According to the group, citing data from EPFR Global, net capital inflows of $US7.8 billion were recorded in the week to January 11, the third week in succession and the largest total seen in 14 weeks.
Jefferies said that inflows into bond funds were broad-based geographically and by category, with the exception of government bond markets.
Given signs that inflationary pressures are continuing to build, net inflows into inflation-protected bonds also jumped to a 7-week high.
The inflows into bonds — unsurprisingly — corresponded with a decline in bond yields in many developed economies, a move that sparked by concern among some investors that the so-called Trump “reflation trade” — built around expectations for higher US economic growth, inflation and interest rates — had moved too far too fast in the week’s following Trump’s election victory.
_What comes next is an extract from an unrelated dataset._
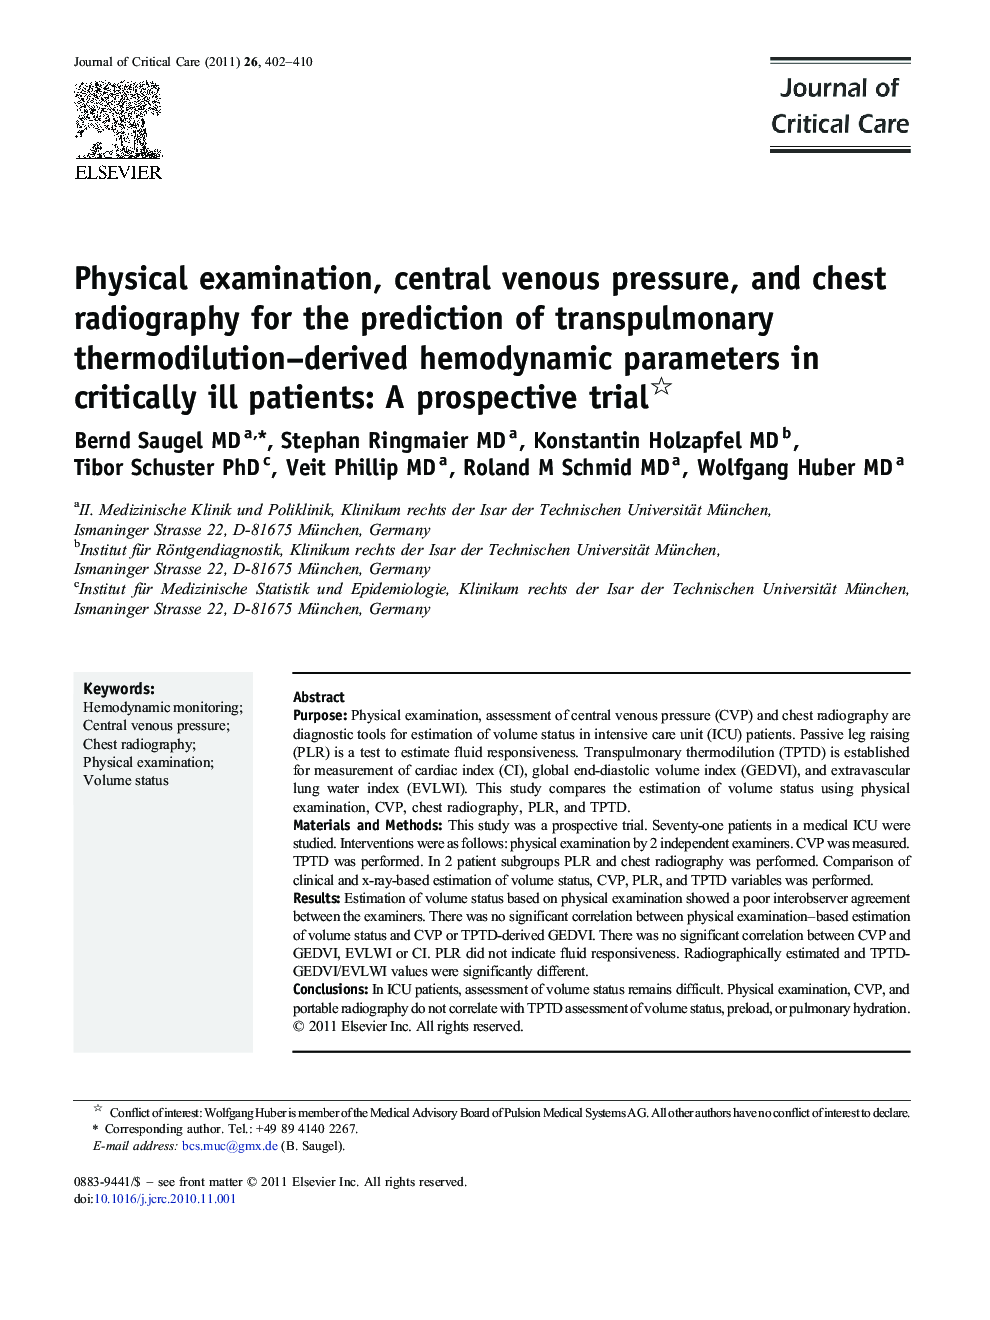 Outcomes/PredictionsPhysical examination, central venous pressure, and chest radiography for the prediction of transpulmonary thermodilution-derived hemodynamic parameters in critically ill patients: A prospective trial

Putting the cart before the horse, in other words.
This chart from Jefferies shows net cumulative capital flows into global bonds, stocks, commodities and money market funds over the past year:
However, despite growing concerns about the merits of the reflation trade among some analysts, that didn’t stop investors from tipping more funds into stocks, says Jefferies, noting net capital inflows into both developed and emerging markets.
“Global equity funds saw their second weekly inflow at $US7.7 billion, the largest in four weeks,” said the group.
“While emerging market equities recorded their first weekly inflow in four weeks, developed market equities witnessed more broad-based injections by market.
“Notably the $US2.3 billion inflow seen in Europe was a year’s high with all the markets within the region experiencing net injection,” it added.
Elsewhere, net capital flows into US stocks totalled $US556 million for the week with investors seemingly favouring small cap stocks over their larger peers.
Net capital inflows into US stocks have now risen in nine of the past ten weeks, and in 12 of the past 14 weeks for Asian markets.
While flows continued into stocks and bonds, investors continued to liquidate positions in commodity funds with capital outflows totalling $US336 million, the ninth week in a row that net outflows were recorded.
“Gold, silver and precious metals, along with agricultural, have been more consistent casualties,” said Jefferies.